The Anniston Star Editorial Board
When the history of constitutional reform in Alabama is studied, there is a good chance people may overlook the fact that it took a Republican Legislature to start the ball rolling.
What they must not overlook is what moved the new majority to action: the recognition that the state’s antiquated and inefficient constitution is — to put it simply — a job killer.
While there is general agreement that the original document was written by the rich to keep the poor — black and white — at the bottom of the social, economic and political ladders, what now is acknowledged is that the Constitution hurts the affluent as well.
By concentrating power in Montgomery, the Constitution made it difficult for county and city governments to address their problems, which in turn made it difficult for the state to prosper as other states do.

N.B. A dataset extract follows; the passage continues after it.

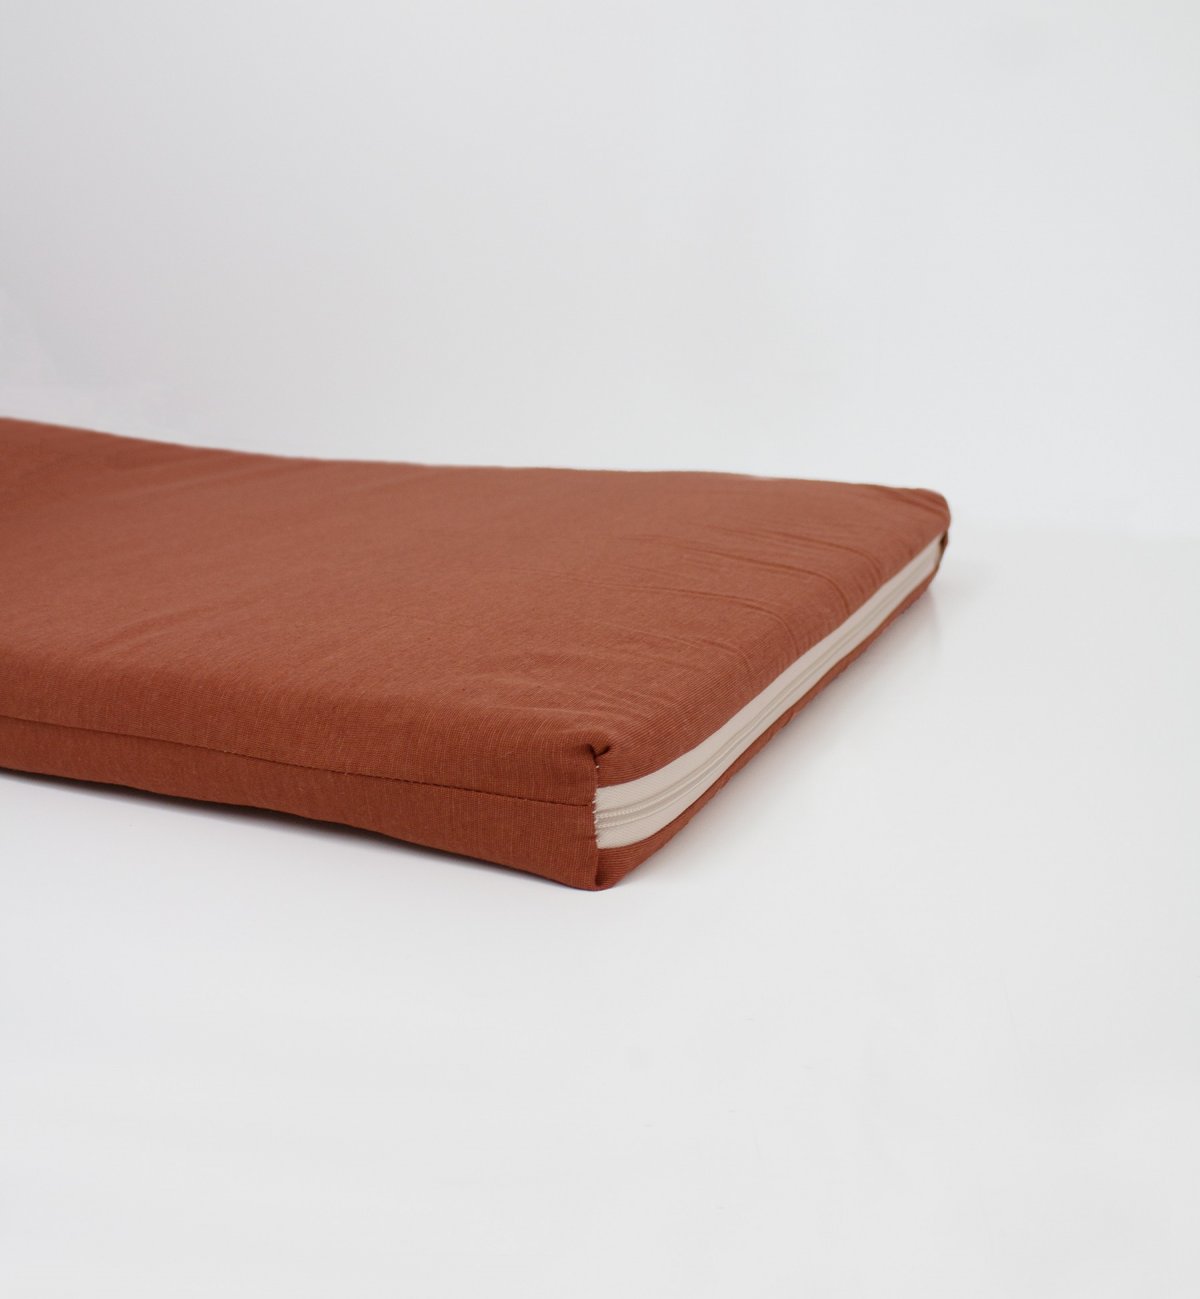 Kadolis rolled baby travel mattress with removable covers

Thus, we have the modest beginnings approved in the last session by the Legislature. The nine members of the Constitutional Revision Commission have been selected — three picked by the Senate president pro tem, three by the speaker of the House, and three by the governor. It is a bipartisan group that includes the state’s only openly gay legislator, a leader of the Tea Party, a Democratic pollster, a member of a conservative think tank, a civil rights activist and three lawyers from prominent firms.
When the commission is in place, it will begin to consider revisions on Article III (separation of powers), Article IX (representation) and Article IV (which includes the section on home rule).
This is a positive first step. It’s not the bold move some have advocated, but one that recognized the reality of Alabama politics. Articles III and IX should be relatively easy to deal with; Article IV will be a bit more difficult. While the Legislature may be willing to lift some restrictions on home rule, most legislators are uncomfortable with giving local governments complete control over how tax rates are set within their jurisdictions. That is more power than they are willing to surrender.
Which begs the question, can the Constitution be revised and made more efficient without addressing taxes?
Realizing that Alabama’s constitutionally enshrined tax code with its caps and earmarks has too many influential supporters to make real reform possible, the resolution establishing the Constitutional Revision Commission excluded most tax matters from the commission’s consideration. That eased the fears of those the tax code favors and will make other revisions possible.
However, when all the revisions are done and a shorter, more efficient Constitution is in place, the old, inefficient, unfair system of raising revenue will stand out like a sore thumb. Then the question will be, do we put another Band-Aid on it, or do we actually cure the problem?